The project is a work in progress resulting in the creation of a map of the – unique and severely threatened – underwater world of the coral reefs. The face of real submerged continents and archipelagos will be enriched by the depiction of a wildlife observed and imagined, as happened in the maps of the 15th century, whom the work is inspired to. The work of Elsa Guillaume, an artist and explorer, will develop during her participation in an oceanographic expedition dedicated to these environments (oceans.taraexpeditions.org). 

 


FICTILIS (Timothy Furstnau and Andrea Steves, Usa), True Market Cost

In the market of FICTILIS goods are sold at their real price, integrating the social and environmental costs of their production, processing, distribution and consumption.
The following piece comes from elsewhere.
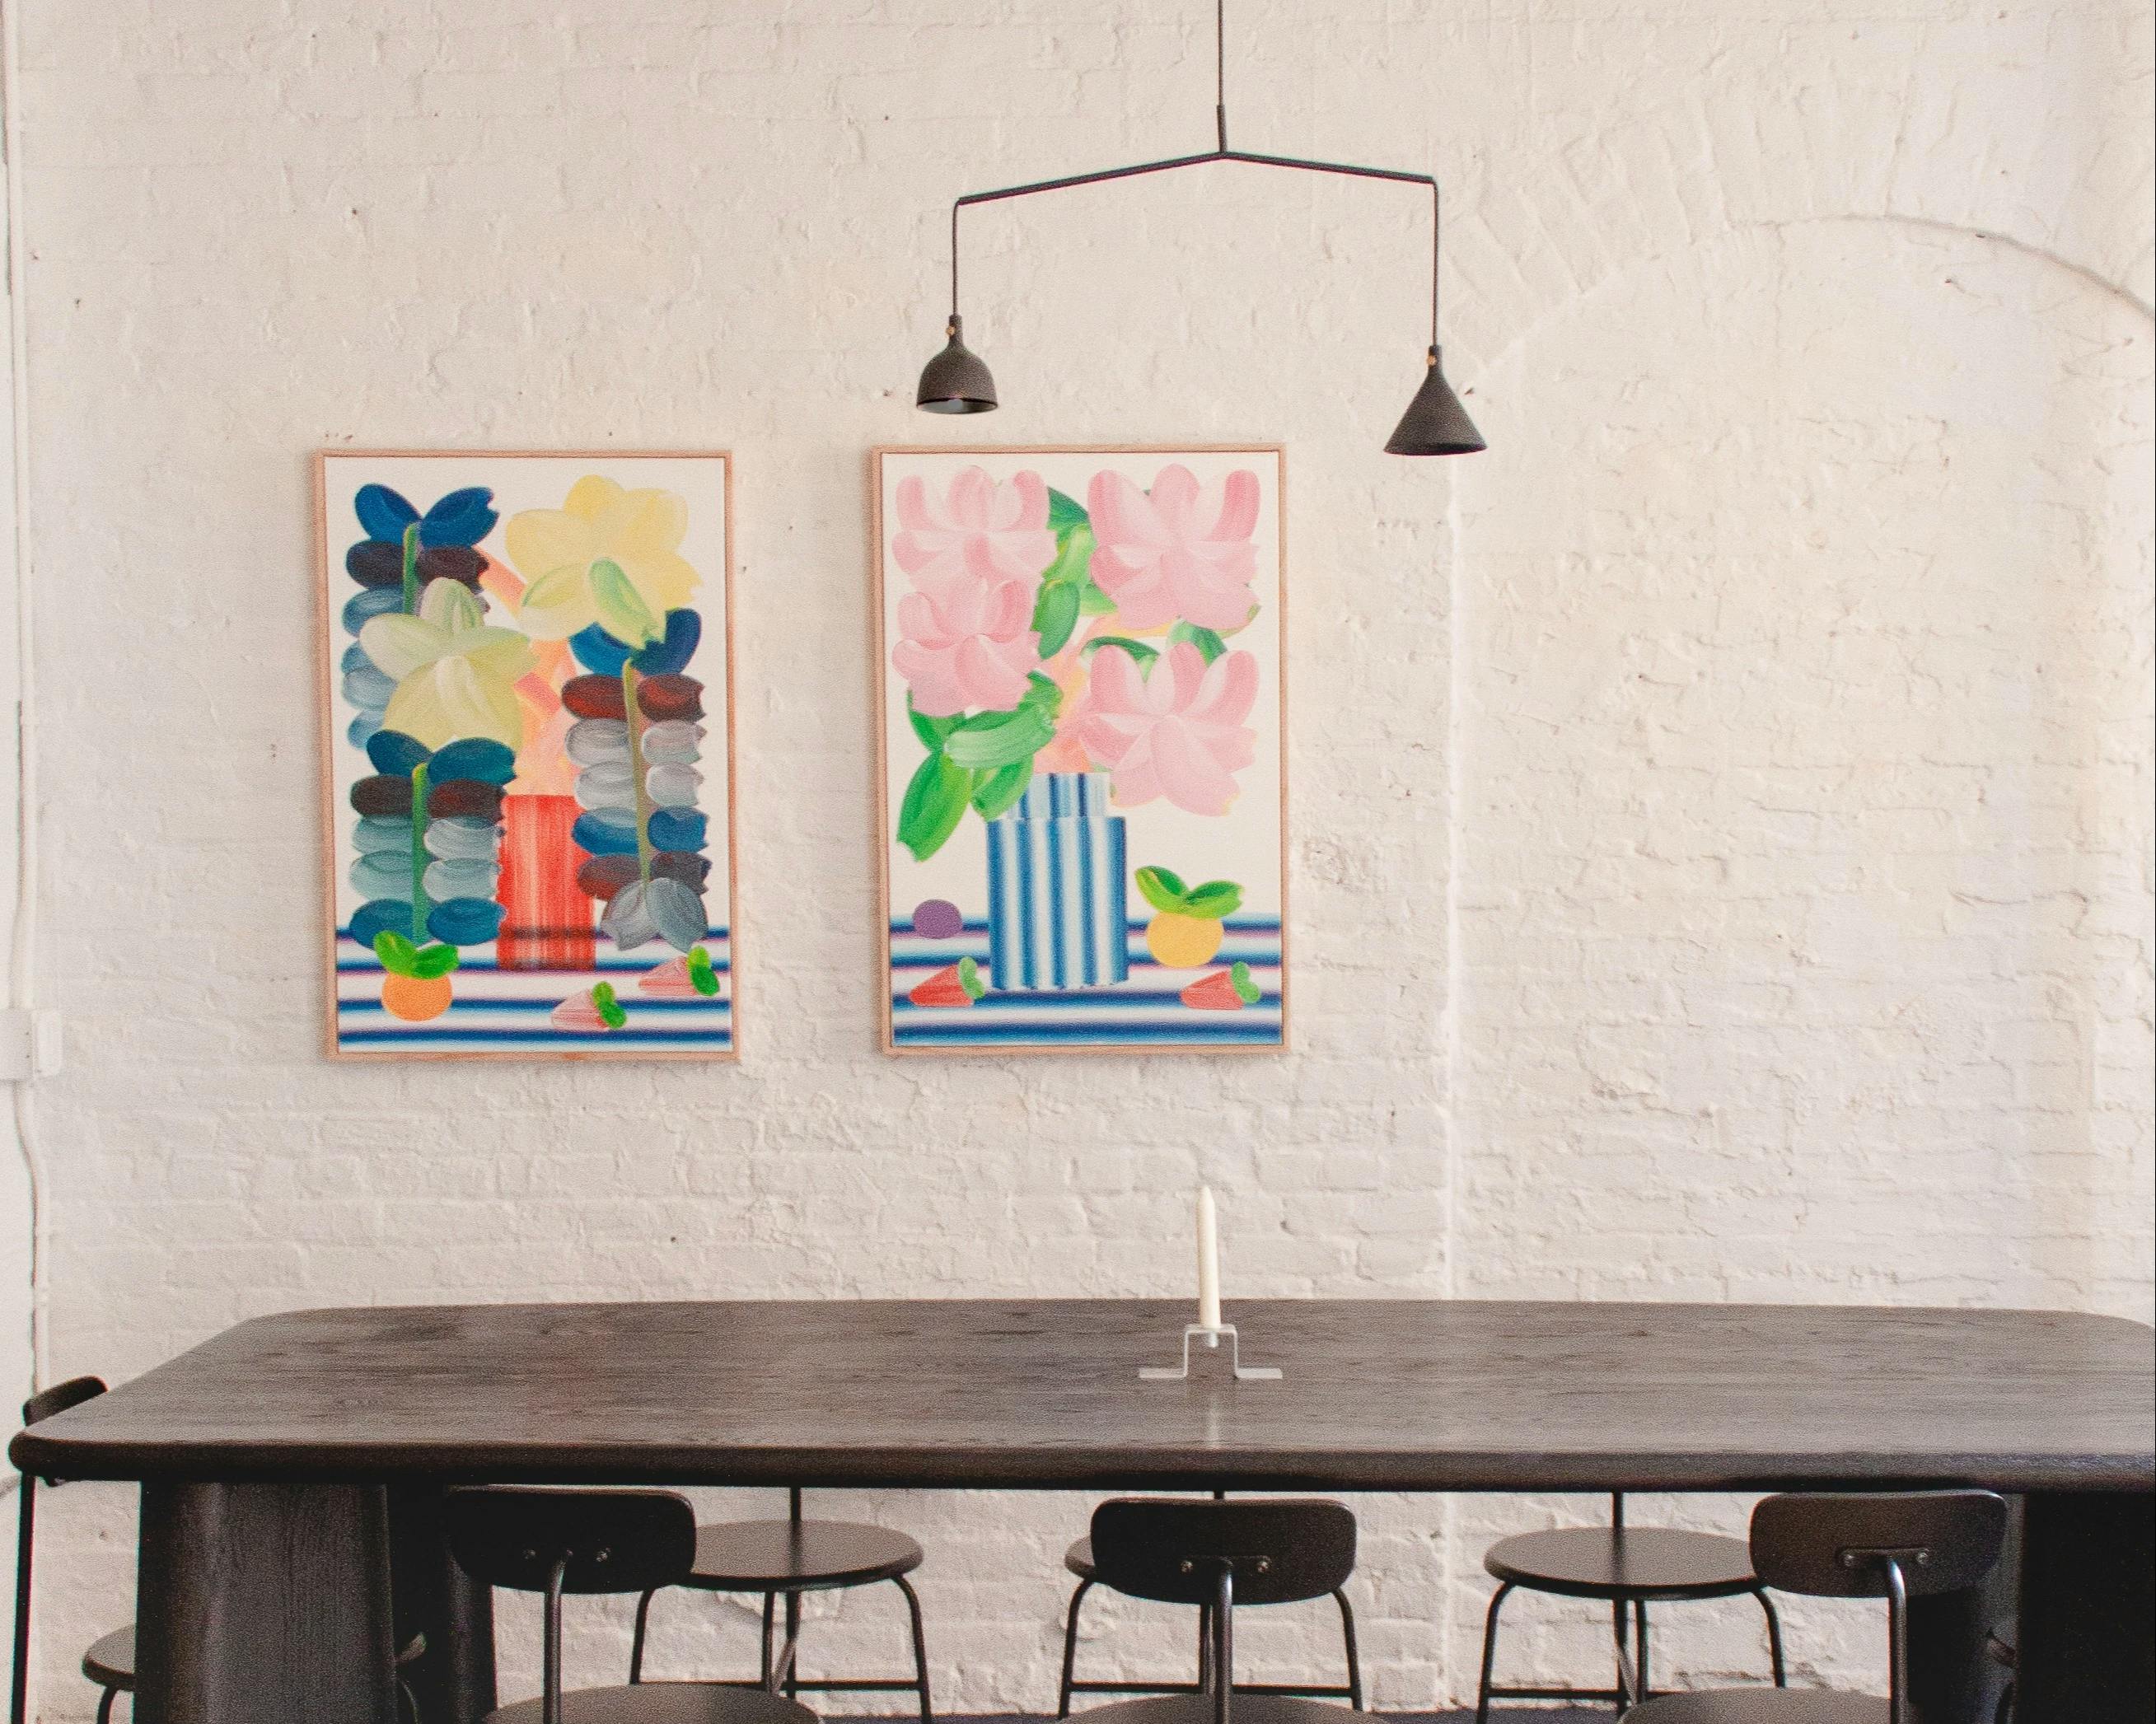 Two colorful still life paintings by artist Erin D. Garcia on a white brick wall above a black dining room table at Uprise Art.

That is what we currently persist in calling “externalities.” 

 


Julie Navarro, Droséra

A travel through the aesthetics of the relationship between man and landscape, in the peat bogs of the Limousin, a real “sink” of carbon acting as a natural regulator of the climate. 

 


Yesenia Thibault-Picazo, Craft in the Anthropocene

The geology of the future in a “plastic sediment,” an image of the soil and of the populated resources of the future. 

 


Livin Studio (Katharina Unger and Julia Kaisinger), Fungi Mutarium

A prototype of culture of mycelium can biodegrade toxic waste turning them into edible biomass, a consideration on how climate change can overturn the laws of consumption and living. 

 


Stéfane Perraud 
with writer Aram Kebabdjian, Soleil Noir

The “Black Sun” is a pièce of futuristic science fiction, a cooler to counter the effects of climate change. A projection of a likely future that aims at considering the ambivalent scientific utopia and our uncertain relationship with energy. 

 


Jérémy Gobé, Coral Restauration

A design of structures able to “patch up” and restore the geometric pattern of coral formations.